Sorry, I'm obviously failing to understand something fairly crucial here. Will someone help put me out of my misery?
Is TSM using a 'regular' Version of DB2. I always thought that TSM is using a specialized Version of DB2.
However, in DB2 the Backup of the Database has no impact on the size of the Transactionlogs. You could keep the initial Backup and all the archived transactionlogs and would be able to restore the database (beside load ... nonrecoverable and not logged initially). The resore would take ages since you have to run thru all the archive logs. The backups give you the option to delete older backups and archived transactionlogs.
Transaction logfiles are reused (or archived) when all transactions in the file are commited (beside inifinite logging).
I believe that it is a "regular" db2, albeit perhaps packaged a little differently. Under TSM v5 there were elements from the db2 engine built directly into the TSM server, but with TSM v6 it runs as a completely separate engine.

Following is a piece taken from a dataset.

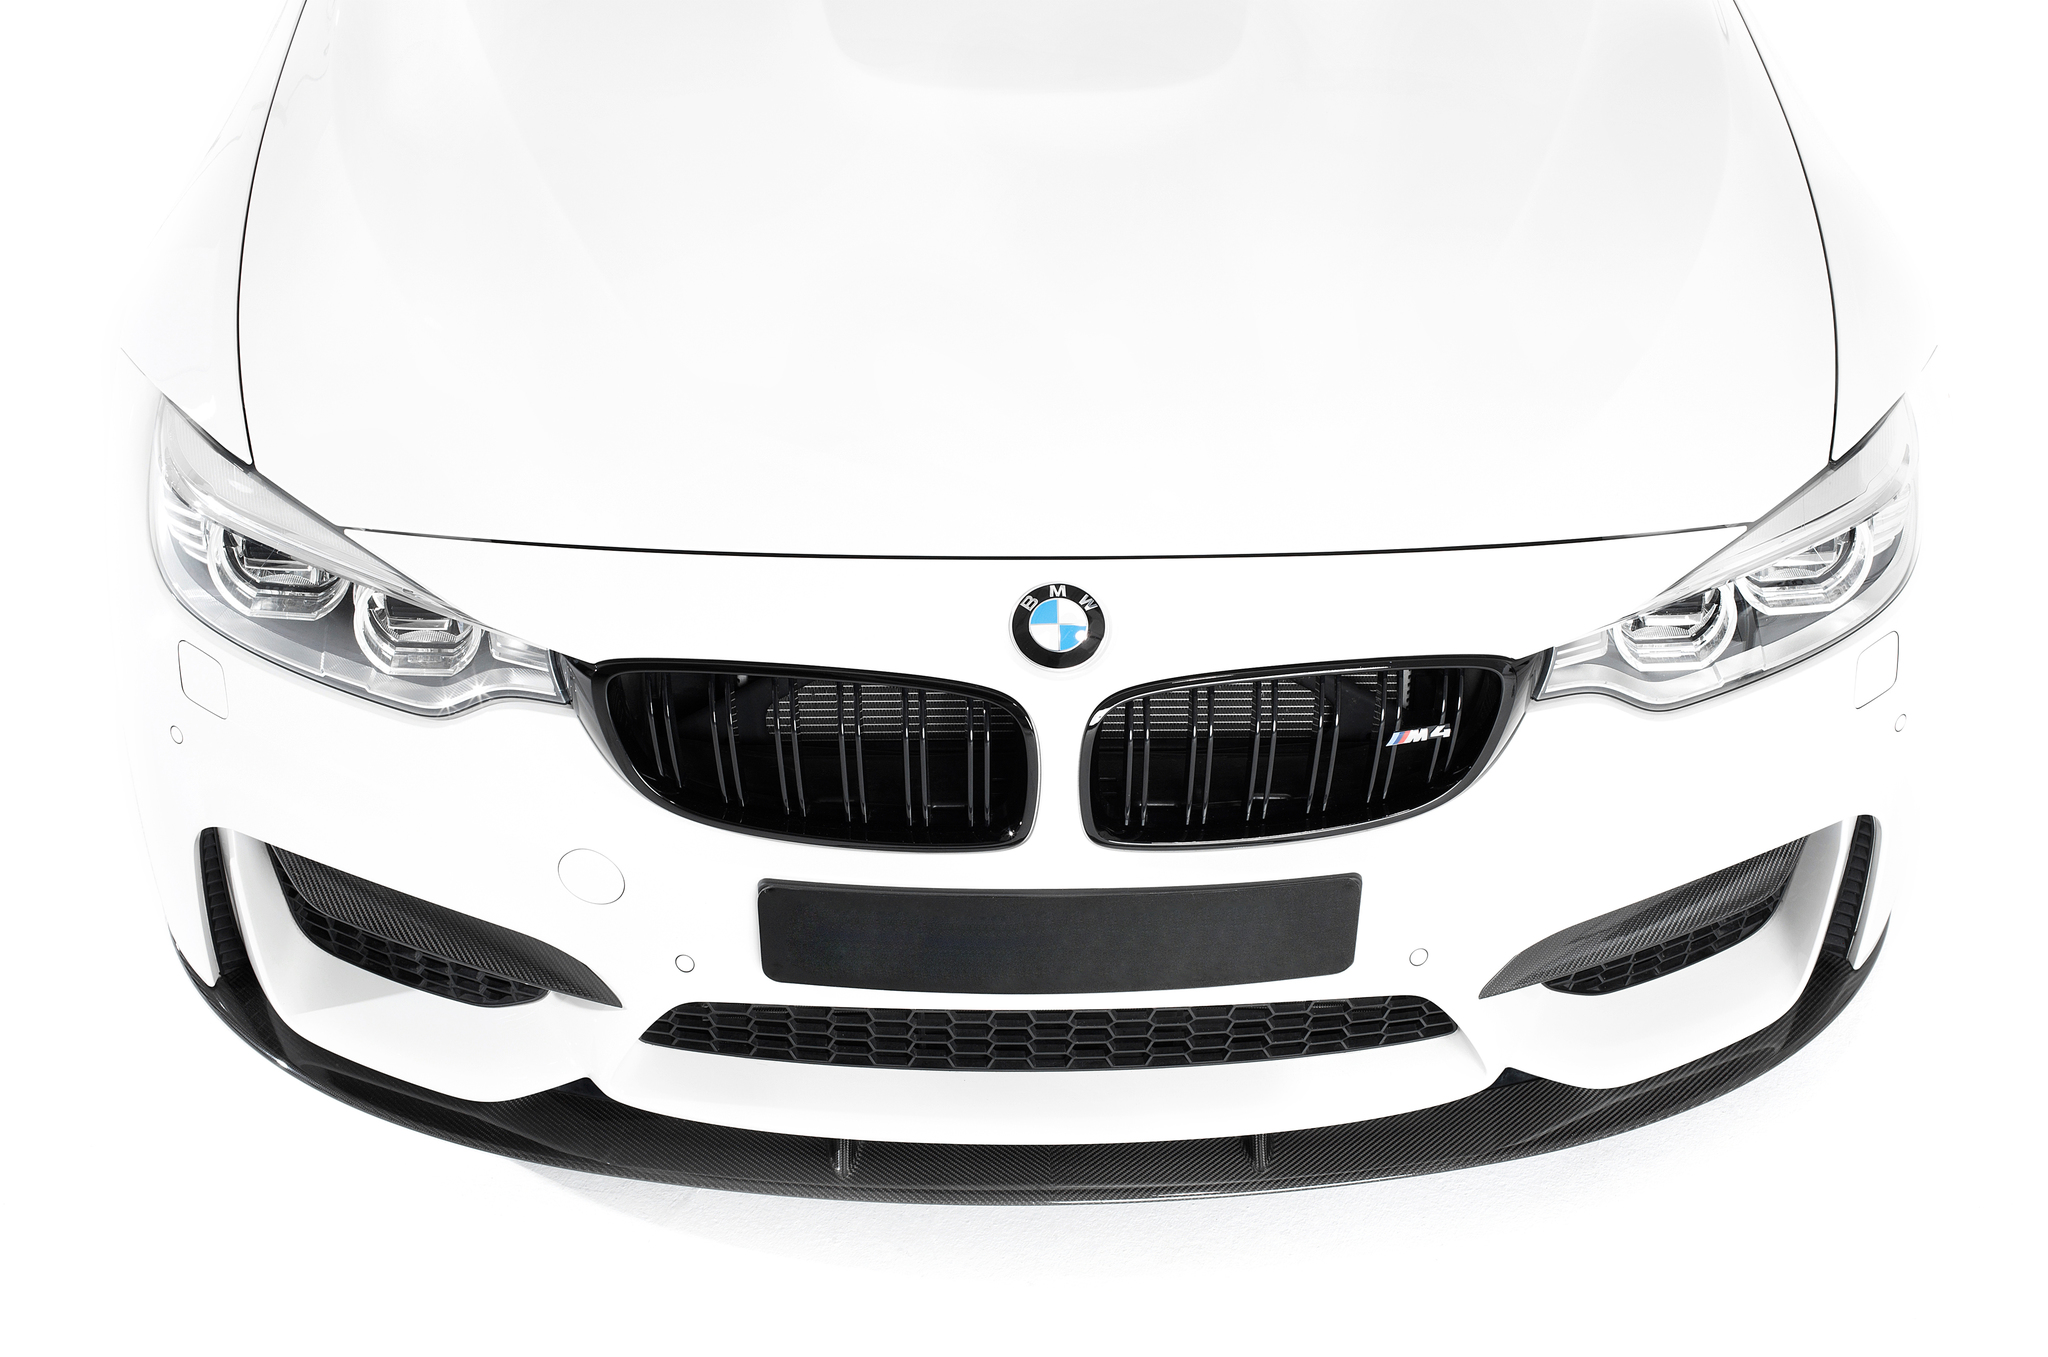 Sterckenn Carbon Fiber front splitter for BMW M4 F82 new model

I hear what you mean re the active log extents - it may be that there's just something odd about the way TSM is using DB2. From the reading I've been doing since I posted my original query I'm tending towards this theory: The log buffer in DB2 is filling...write ahead causes the log pages to be written out into the active log directory...as active logs fill they get archived (again, write ahead - despite the fact that they are still active)...this backup task (whatever it is) is causing the files in the active log directory to be recycled, but the "source of truth" (i.e. the log buffer) still knows about the inflight transactions - and hence the particular UOW thats executing still aborts with an out of log space condition (despite the abundance of disk space in the active log dir).
Hope that makes sense. If you can offer any insight as to how/why the DB2 layer is (or isn't) reducing crash protection by permitting the files in the active log dir to be removed (recycled) before the UOW has completed I'd be very appreciative.
Some of your reasoning (re: log buffer and archiving of active logs) and terminology (log extents?) does not make much sense to me. Take a look at the number of log files configured in your database (LOGPRIMARY and LOGSECOND).
By the way, SQL1224N has nothing to do with log space.
logprimary = 15, logsecondary = 0. Apologies if my terminology is awry...I've been using the term "extent" to denote a log file on disk (i.e. logprimary = 15 "extents").
From my understanding of SQL1224N I was under the impression that reason code 3 (according to the inbuilt CLP help) was the issue...to whit:
"The application was forced off because it was using more transaction log space than allowed by the database configuration parameter max_log or num_log_span."
As previously mentioned max_log is set to 90%. The error I'm seeing is being interpreted by the application layer as "out of log space". I figured that 90% of the 15 primary extents were being utilised by a single UOW.
Hope that explains my thinking a little better - as you've spotted I might be a bit confused about it all though
The log space available for a transaction is limited by the lesser of disk space or the number of log files, which is 15 in your case. Depending on the size of one log file (LOGFILSIZ), that may be insufficient.
Aye, its certainly not sufficient for the unit of work that's being performed...that doesn't worry me so much.
What I'm curious about is the interaction between the log buffer and the representation of the log buffer contents within the active log directory...the problem that my system is exhibiting is that a backup task is clearing out the active log directory (i.e. recycling the file names) but the job is still terminating with an "out of log" condition despite the fact that there appears to be only about 5% utilisation in the directory at the time.
The only way I can think of for this to happen is if the log buffer and the contents of the active log directory are going out of sync. If that's the case I suspect it will negatively impact the crash recovery of the environment.
I have a decision to make - do I deliberately misconfigure the the triggered backup job within the application to preserve crash recovery integrity within the database layer?